Return the listing below exactly. Leave its pictures out.
[[ GIVEN DATA open ]]
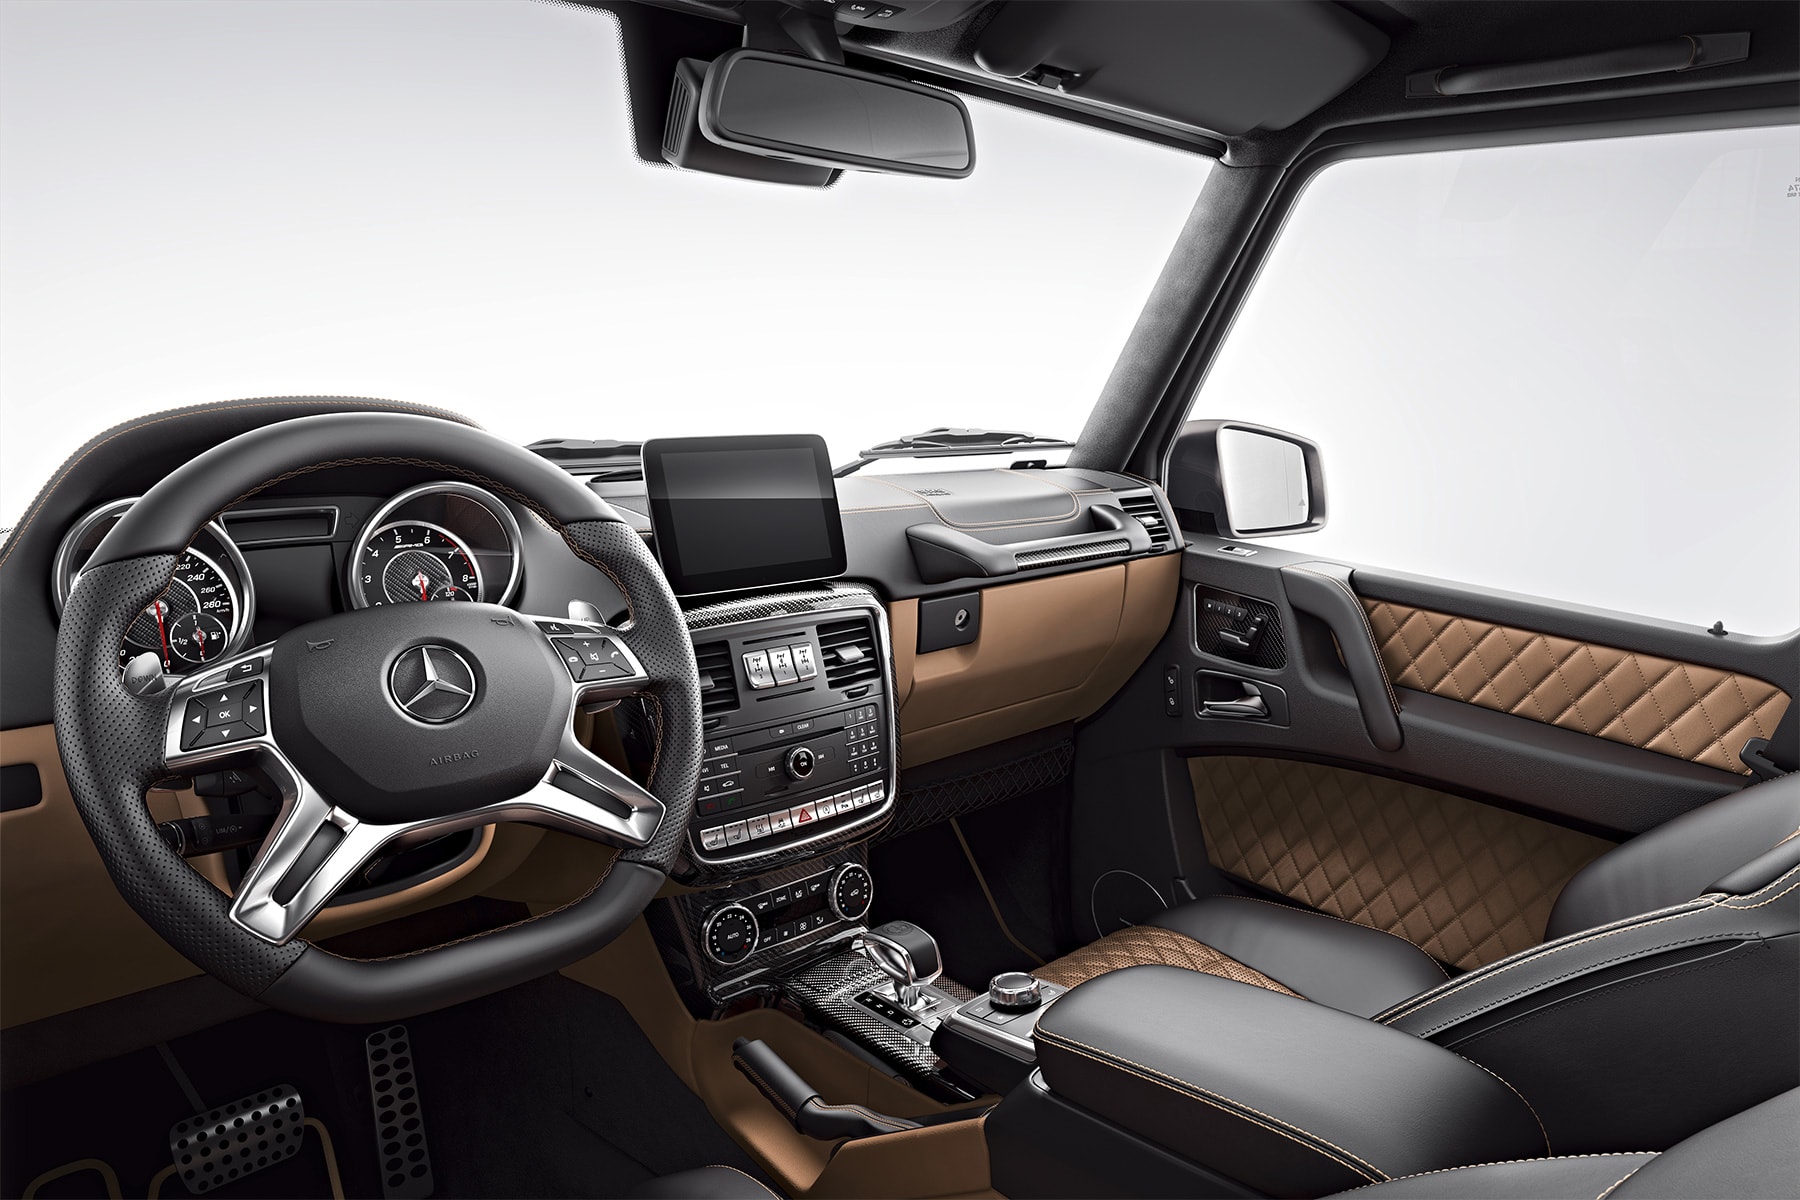 Mercedes-AMG がGクラスに最高クラスのリミテッドエディションを追加 重厚感と上品さの双方を兼ね備えた究極のオフロードカー
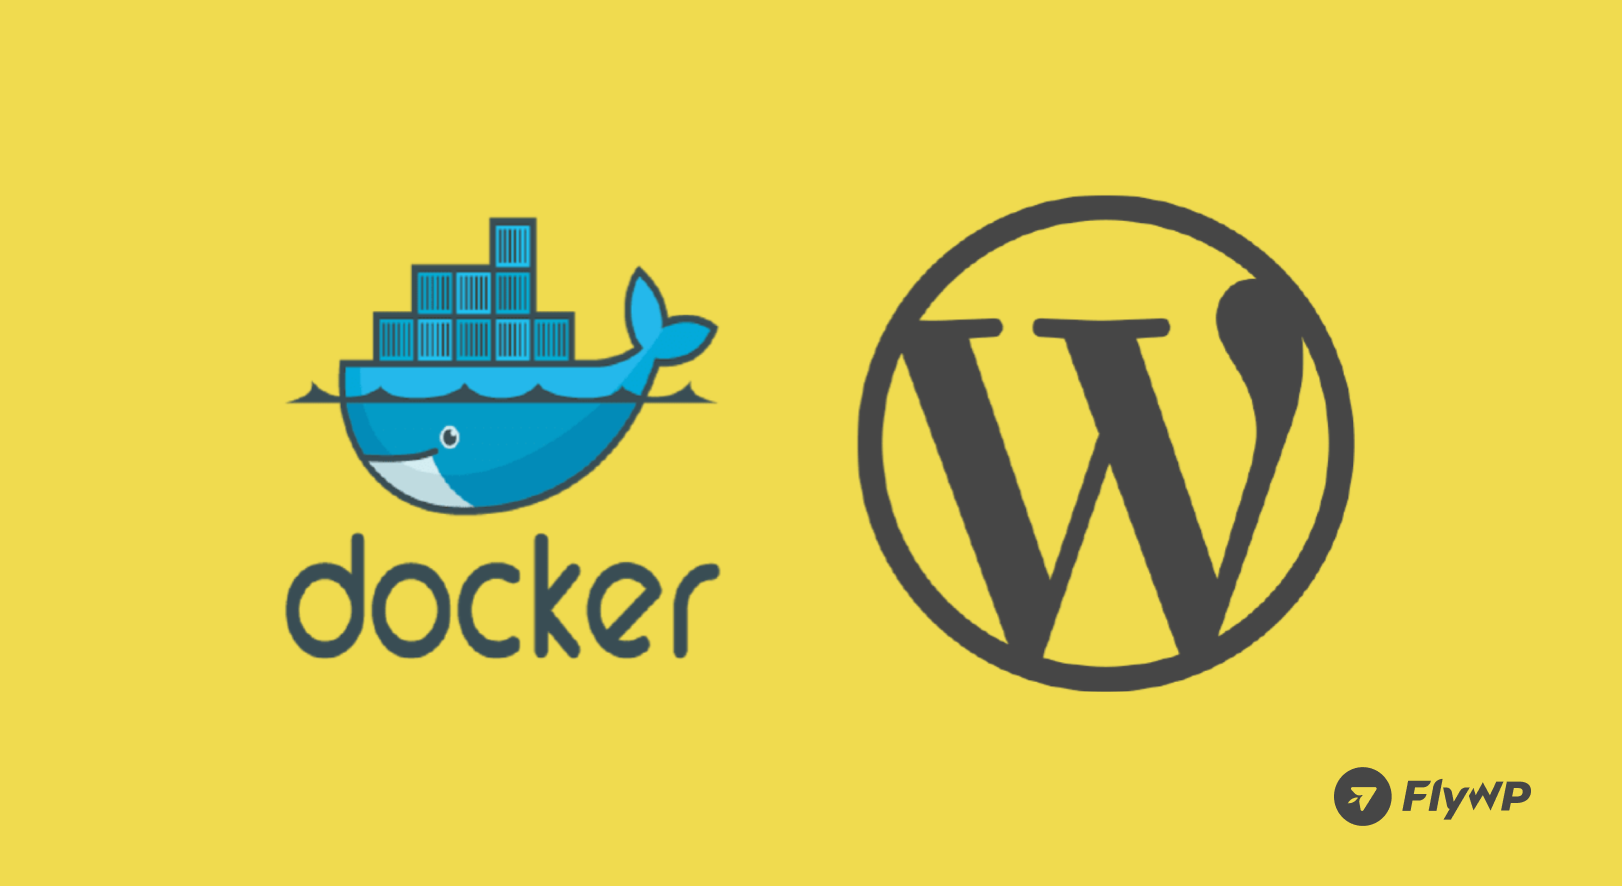 Understanding Docker and WordPress integration
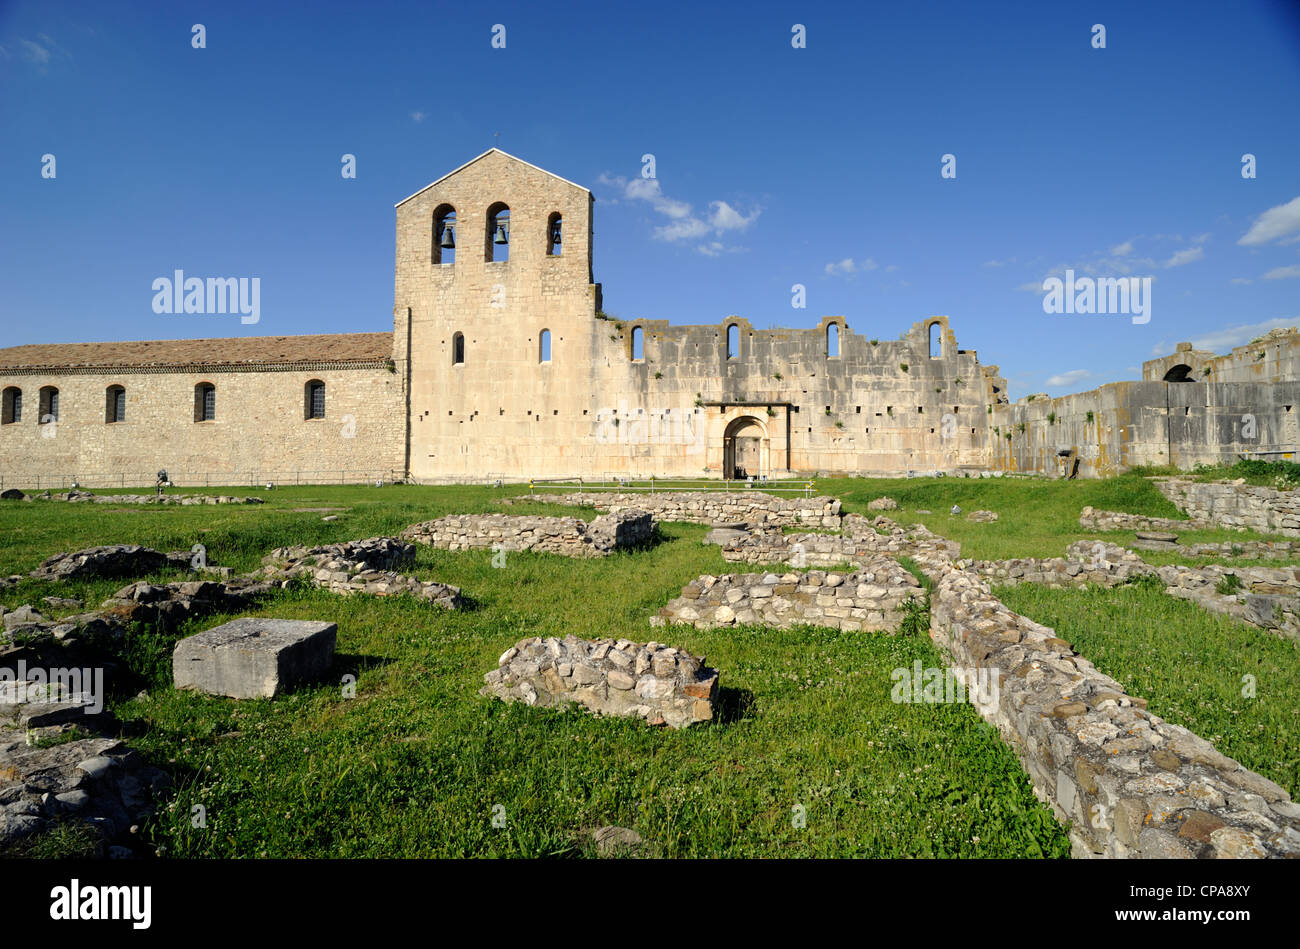 Italia, Basilicata, venosa, parco archeologico, rovine paleocristiane e chiesa medievale Foto Stock
[[ GIVEN DATA closed ]]
## WRITTEN RESPONSE
 Mercedes-AMG がGクラスに最高クラスのリミテッドエディションを追加 重厚感と上品さの双方を兼ね備えた究極のオフロードカー
 Understanding Docker and WordPress integration
 Italia, Basilicata, venosa, parco archeologico, rovine paleocristiane e chiesa medievale Foto Stock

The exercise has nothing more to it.